You are viewing a single thread.
View all comments View context
25 points
*

4chan was a place where people who felt out of place everywhere else could go to finally find a place to fit in. And, of course, to fall into various subcultures around the site, ranging from rather mundane – /an/, the animals and nature board, was pretty tame, as was /ck/ the cooking board, and both had occasional vegan threads – to absolutely toxic, namely /v/ (console war dickwaving and the eventual genesis of Gamergate), /tv/ (lots of straight-up pedophiles there), and /b/ (the source of 4chan’s reputation). People would treat each other decently enough on the former, if a bit brusquely, but people were absolutely vicious on the latter boards, and in the spirit of being the no rules place, pretty much anything went short of actual illegal stuff.

So why stick around? Like I said, it was a gathering place for social rejects. There were plenty of social rejects among social rejects, and there was also a powerfully persistent culture of community-enforced anonymity. If you were to append a name to yourself, you had better have a good reason for it. Otherwise you’d just be reviled as an attention-seeker. Never be an attention-seeker. Never stand out from the crowd. Be part of the swarm. Fit in. You have to fit in somewhere. YOU WANT TO FIT IN. :bateman-ontological:

A bunch of broken people gathering together in one place to perpetuate the toxic behaviors they’ve been on the receiving end of will not breed healthy minds or spirits. But loneliness is incredibly painful. Persistent, unchosen loneliness is one of the most painful emotional experiences there is. And it will drive people to seek out, and wallow in, incredibly toxic places. Because at least they’re accepted there. So long as they don’t break social protocol.

permalink
report
parent
reply
12 points

Honestly this is the best summing up of 4chan I’ve heard. It wasn’t the worst place ‘back in the day’, but admittedly it was a recipe to become what it is today.

permalink
report
parent
reply
9 points
*
Deleted by creator
permalink
report
parent
reply
2 points

Bearing the psychological equivalent of chemical scars from posting there back in the day has its advantages in perspective on precisely how stupid people can be on the Internet

permalink
report
parent
reply
11 points
*

The format was also just good at creating things that resonated with its community. And honestly pretty good at creating things that resonate with the rest of the world - everyone speaks fucking 4chan speak now. Doxx, weeaboo, raid, and all sorts of other shit, plus half the internet memes in the 2000s came from there.

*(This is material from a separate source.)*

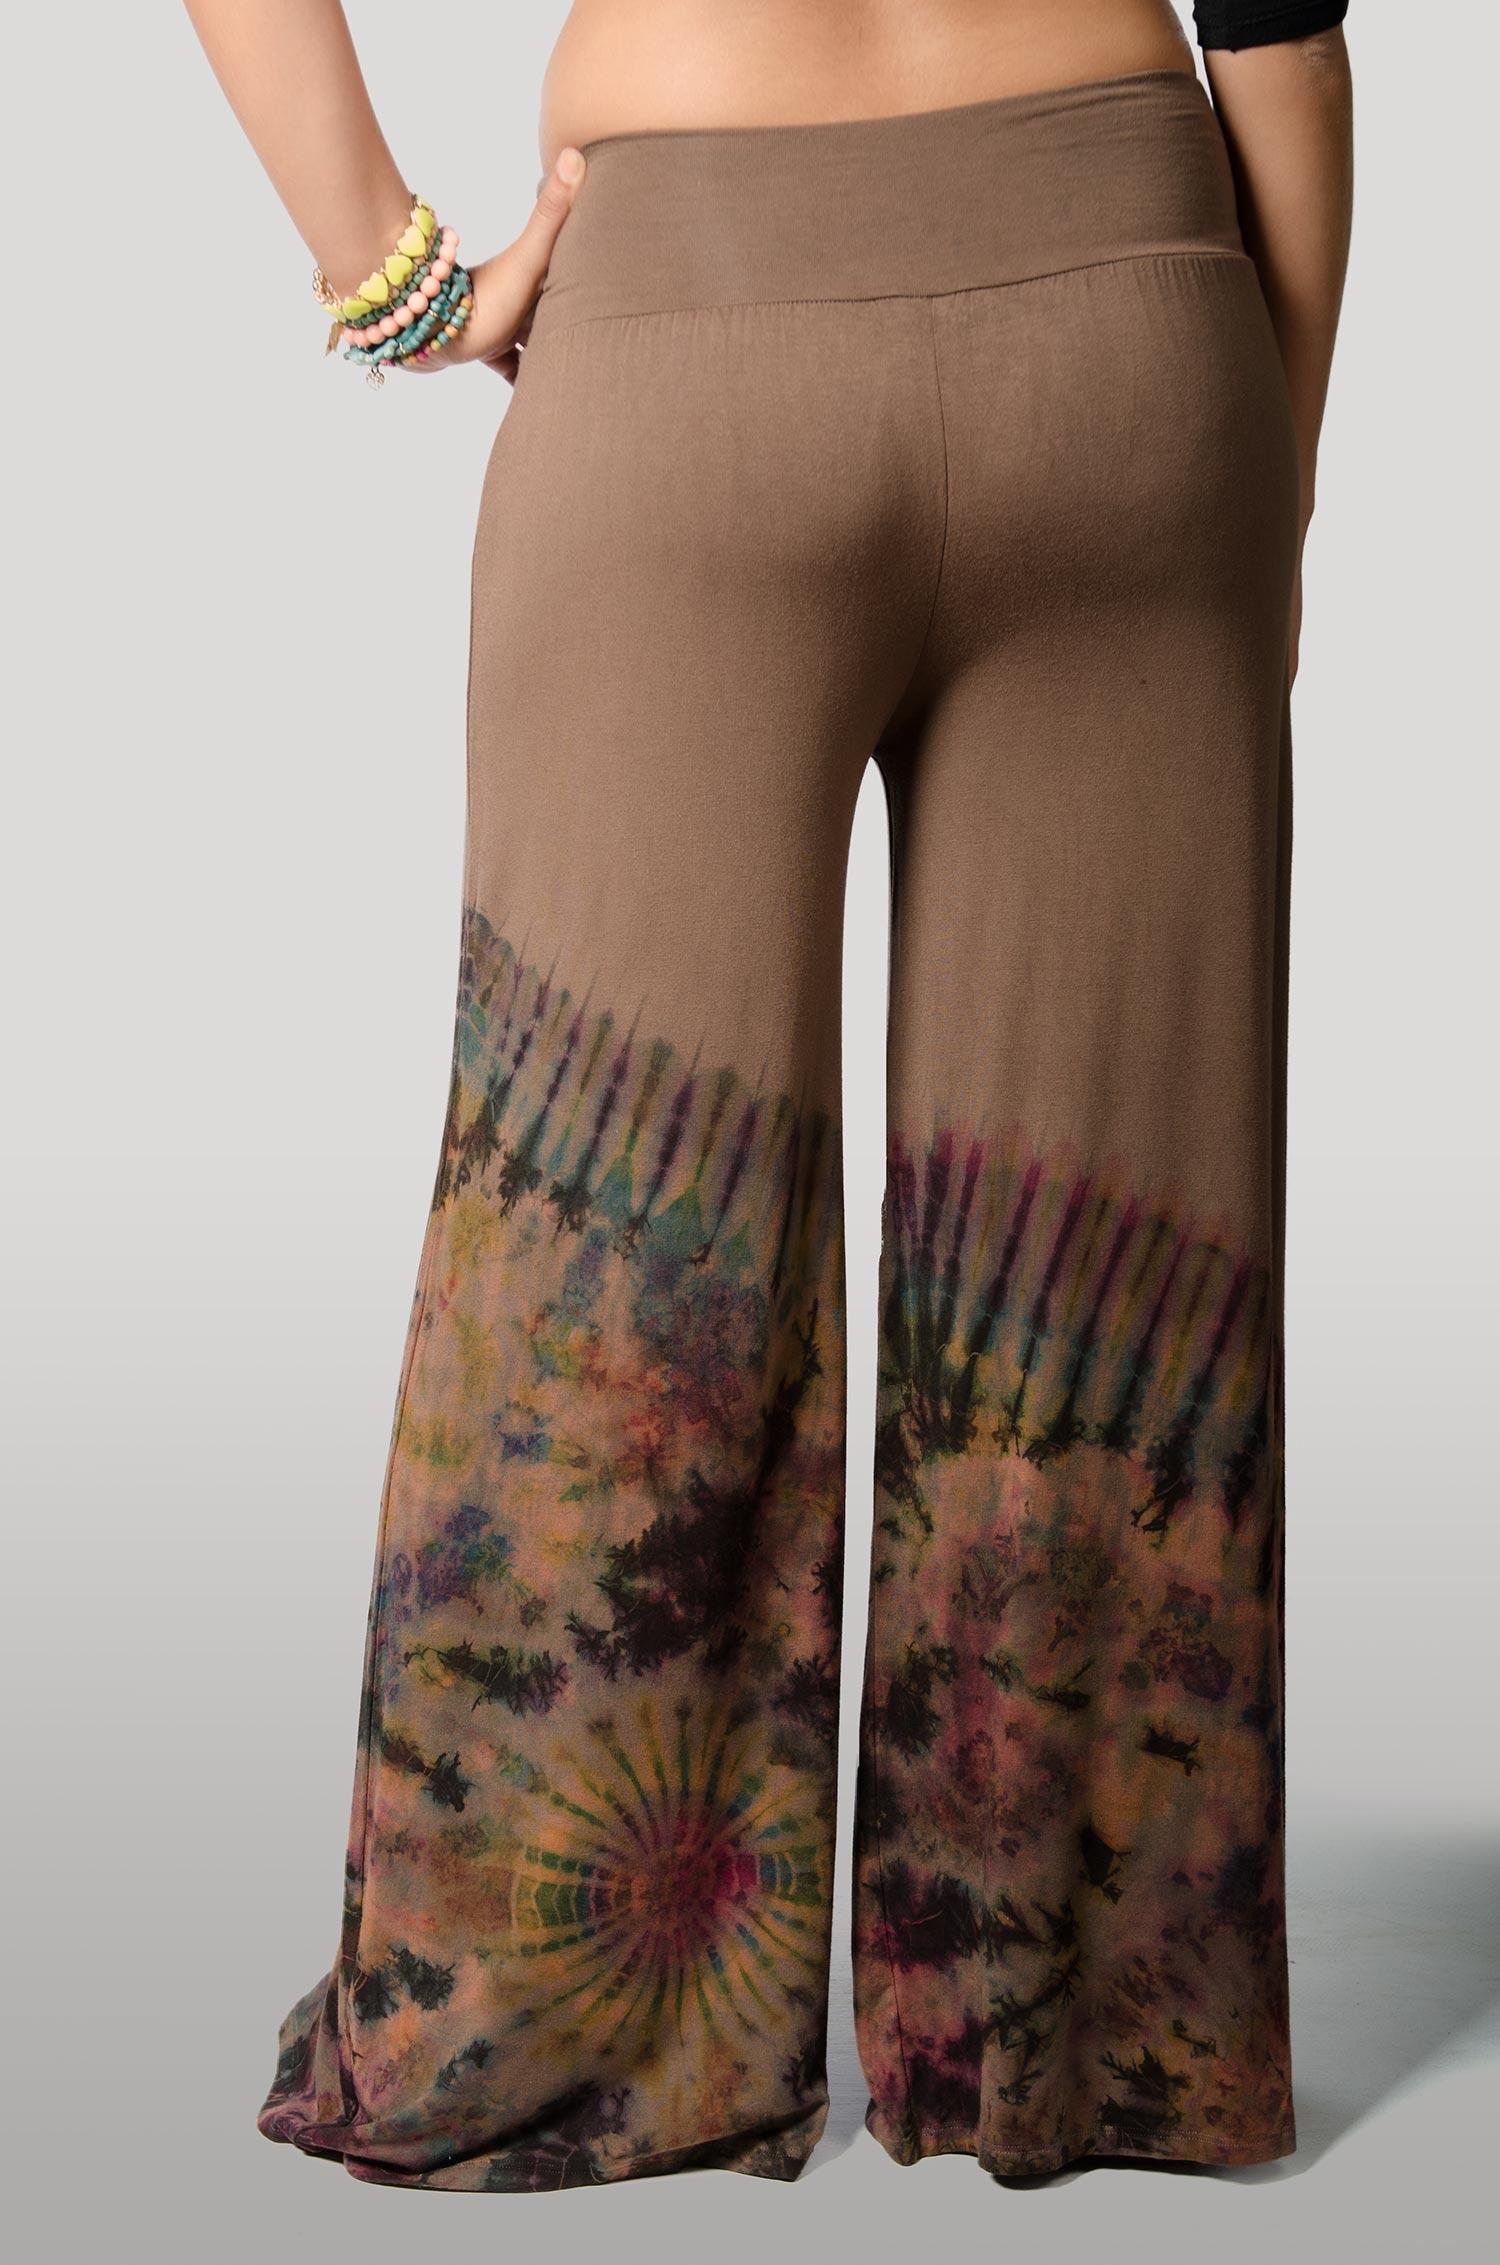 Hand Painted Tie Dye,Wide Leg Pants , Brown Orange
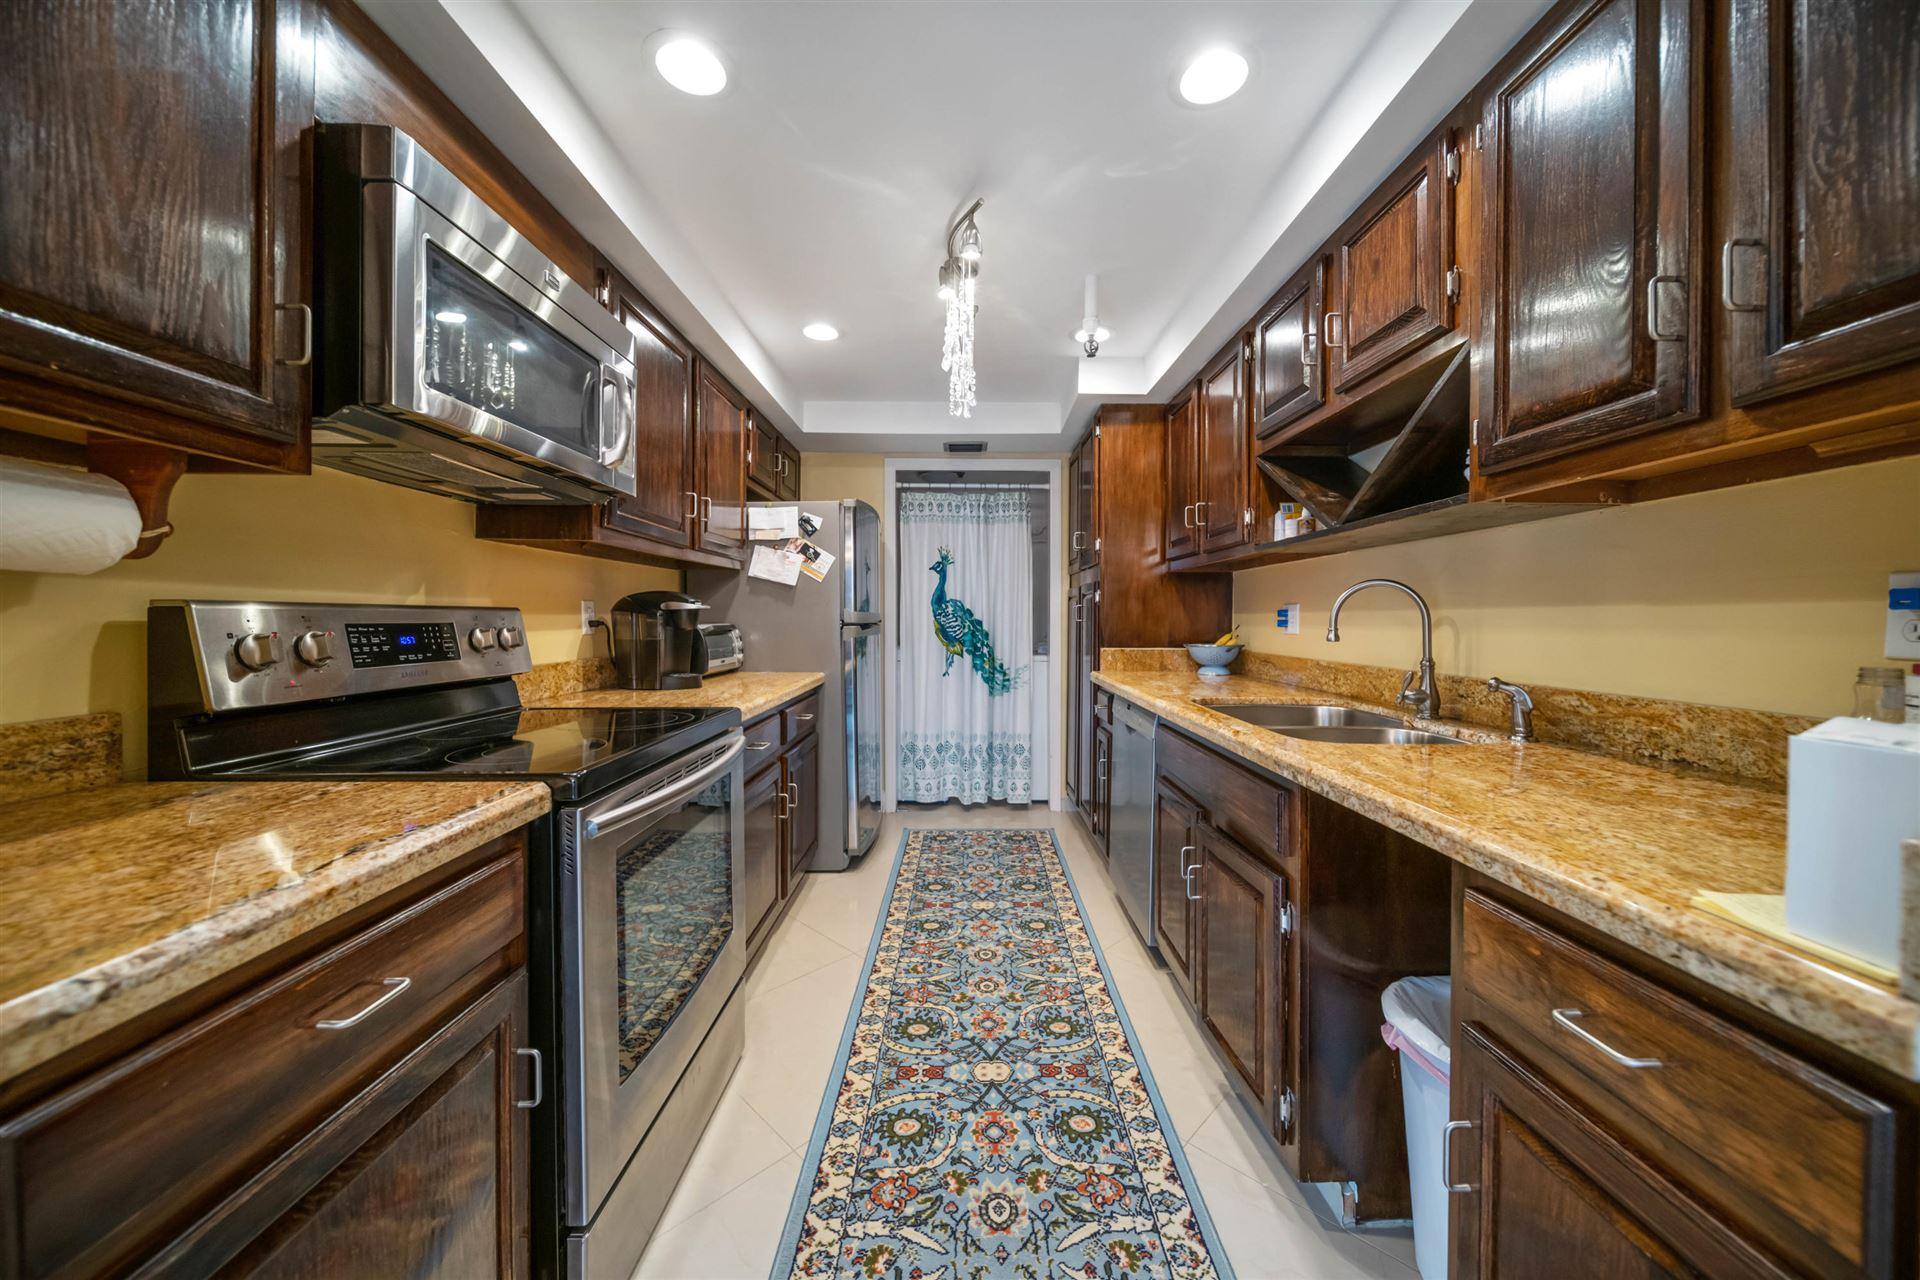 899 Jeffery Street #206, Boca Raton, FL 33487 - MLS#: RX-10685299

Most online forums at the time had literally a fucking signature field under every post, and they tended to be pretty small and reputation-based. They were all about forming little cliques and reputations.

4chan was the only really anonymous board and they haaaated people who used the username feature that was available.

So it was a laboratory for content. Boring stuff got no responses other than maybe “sage” or a slur plus a sage (users could reply without bumping a thread to the top, to avoid keeping alive a thread they don’t like - called a sage).

That’s why it created all the memes and eventually catalyzed the American fascist movement. It was a competitive laboratory for attention full of people desperate for attention and overloaded with spare time.

permalink
report
parent
reply
8 points
*
Deleted by creator
permalink
report
parent
reply

memes

!memes@hexbear.net

Create post

dank memes

Rules:

  1. All posts must be memes and follow a general meme setup.

  2. No unedited webcomics.

  3. Someone saying something funny or cringe on twitter/tumblr/reddit/etc. is not a meme. Post that stuff in !the_dunk_tank@www.hexbear.net, it’s a great comm.

  4. Va*sh posting is haram and will be removed.

  5. Follow the code of conduct.

  6. Tag OC at the end of your title and we’ll probably pin it for a while if we see it.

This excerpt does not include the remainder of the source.